«Каратели» в 1980 году пошли к читателю, автор вдруг получил письмо от полковника авиации, фронтовика. Письмо, исполненное укоров, устыжающее: вашу повесть критики расхваливают, но ведь у вас полуправда, где у вас Главный Каратель? Полковник имел в виду Сталина. Но поскольку «Каратели» и задуманы были, и писались как «сны двух тиранов», а глава о Сталине лежала с 1979 года, спрятанная до лучших времен, упреки летчика звучали для меня как голос единомышленника.

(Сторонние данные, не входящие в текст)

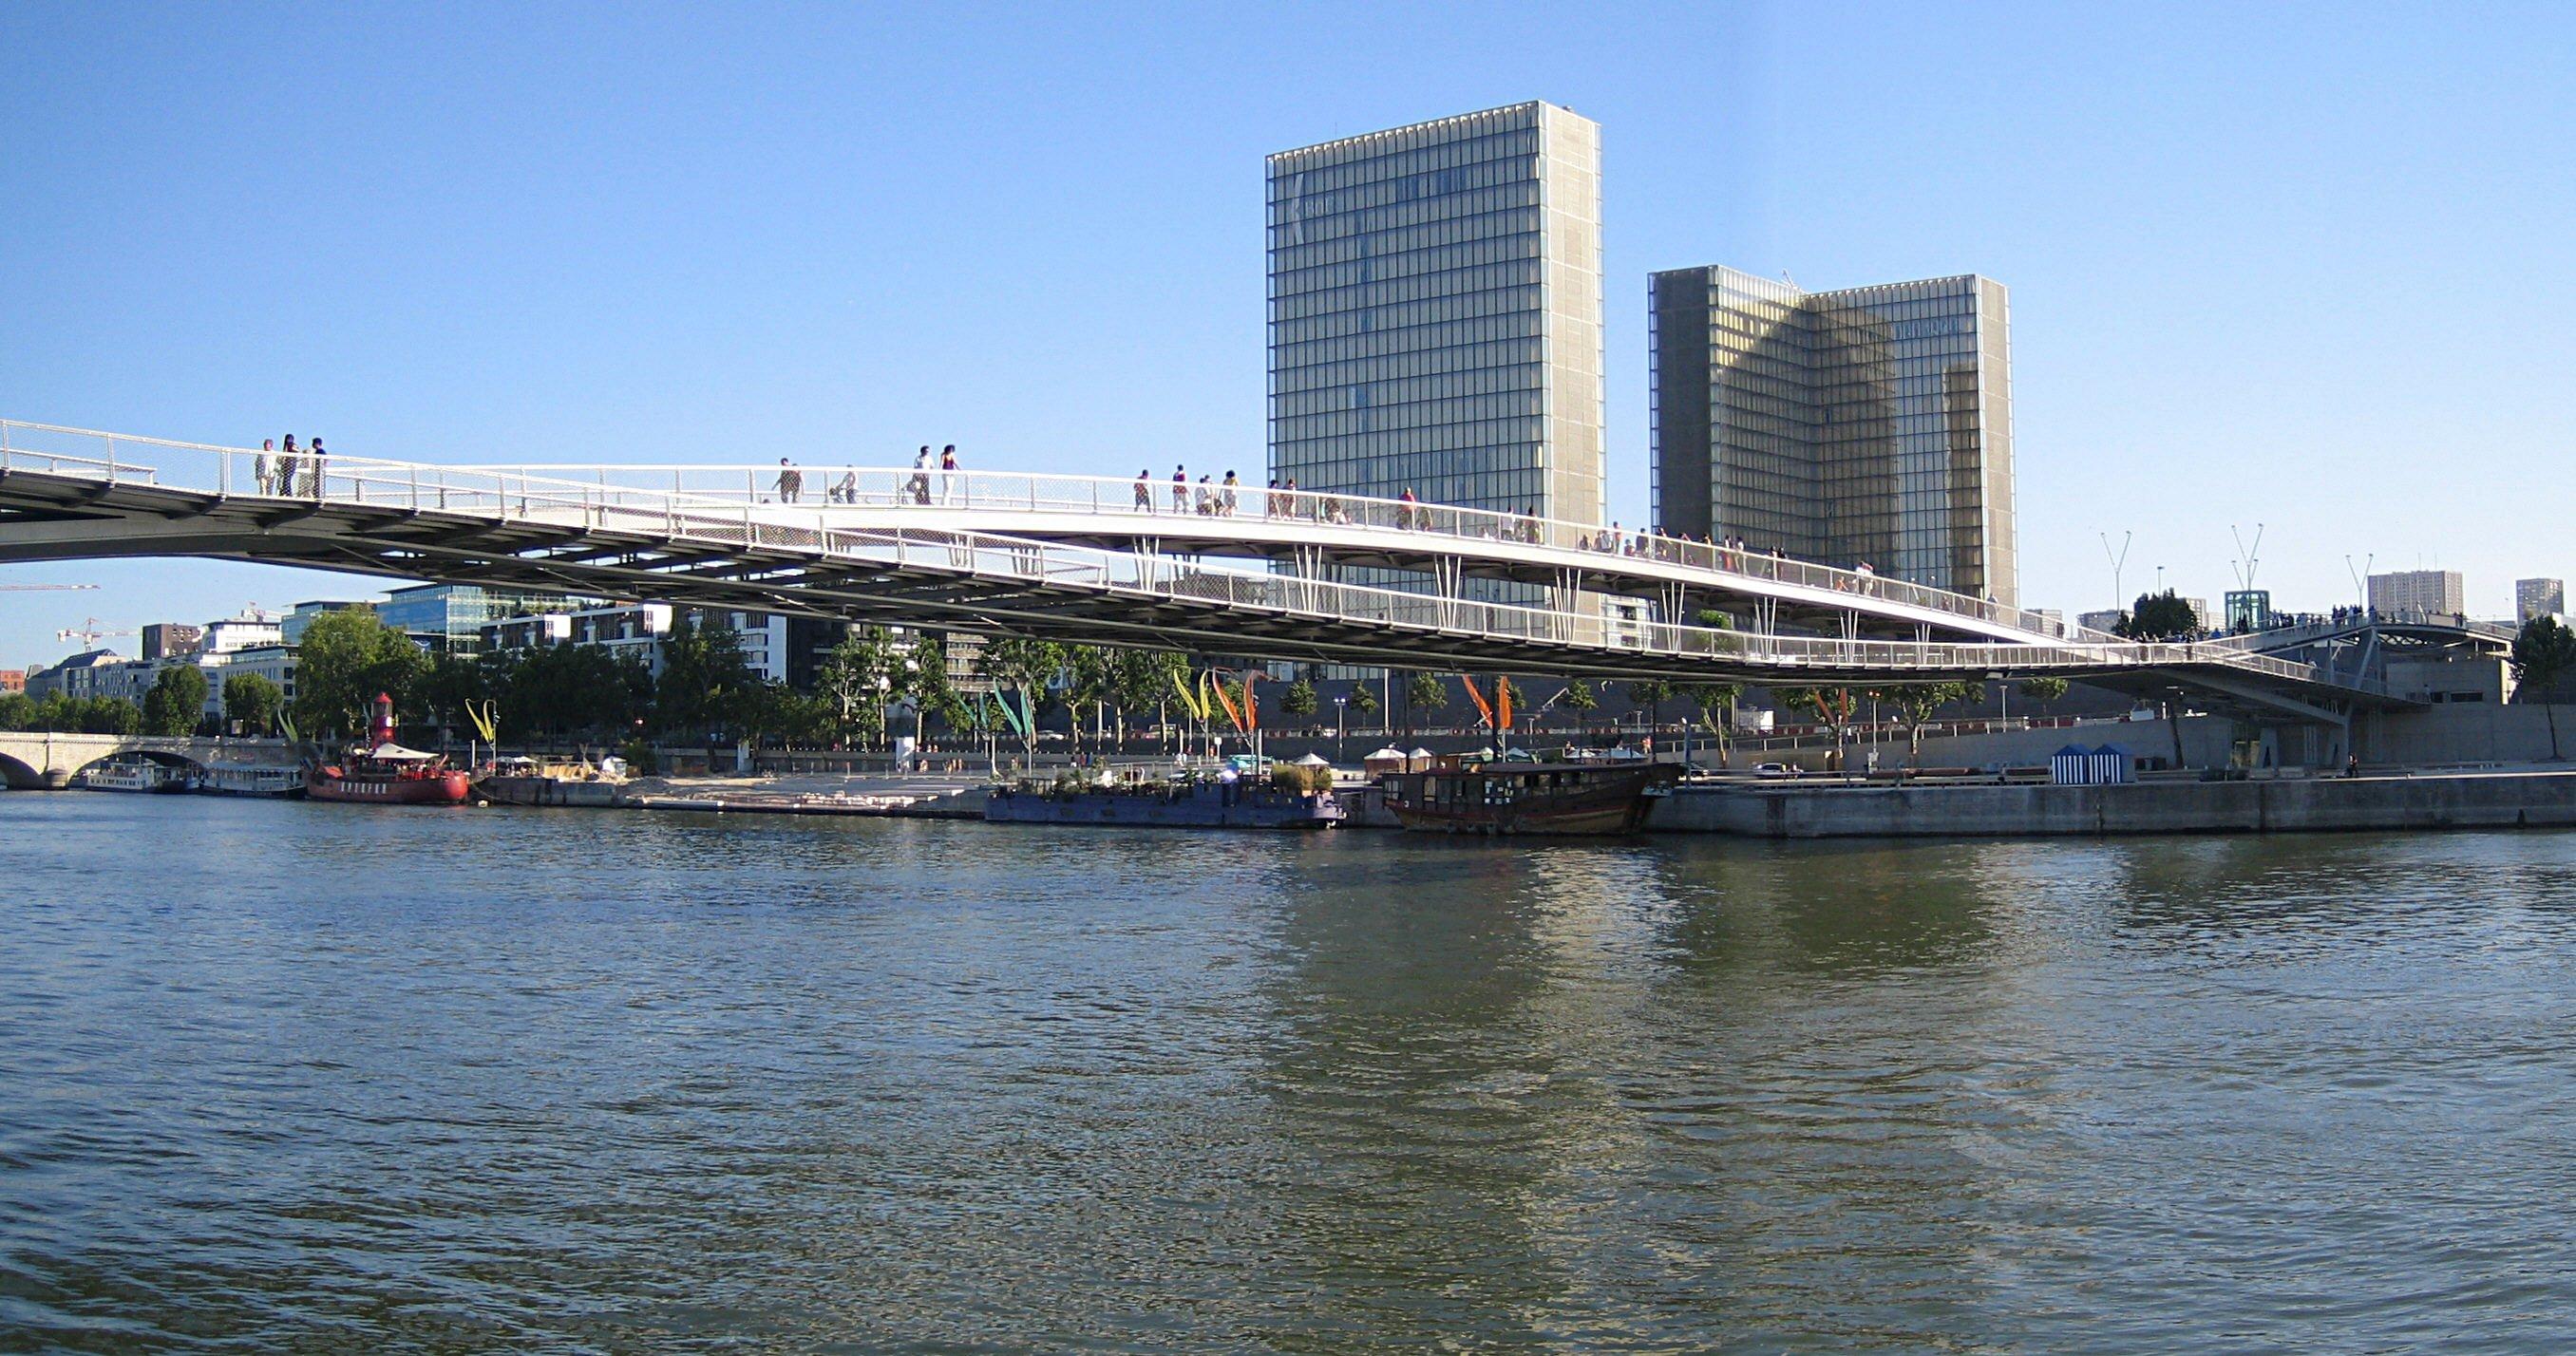 La passerelle Simone-de-Beauvoir, pont des Arts du XXIe sicle

Вот что писал полковник-фронтовик, имея в виду действия, вину Главного Карателя: помимо того что обезглавил армию, он перебазировал, подставил под удар не только истребительную, но и тяжелую авиацию, разрушил укрепления на старой границе до того, как они были возведены на новой, и т. д. и т. п. Летчик уверен: Сталину нужен был сильный удар со стороны Гитлера по советской армии, стране, по народу - большая кровь, потому-то он и подставлялся. Для того ему это было нужно, чтобы люди забыли про кровь, им самим исторгнутую, чтобы этим баранам небо с овчинку показалось и не до того уже было - вести тяжбу с собственным вождем, подсчитывать и копить старые обиды. Это и объясняет все его будто бы «просчеты». Но наш Каратель туг уж действительно просчитался, он не ожидал столь сокрушительного удара, когда угроза повисла уже над всей его властью и самой жизнью. Вот этого он, видимо, не ожидал и не хотел.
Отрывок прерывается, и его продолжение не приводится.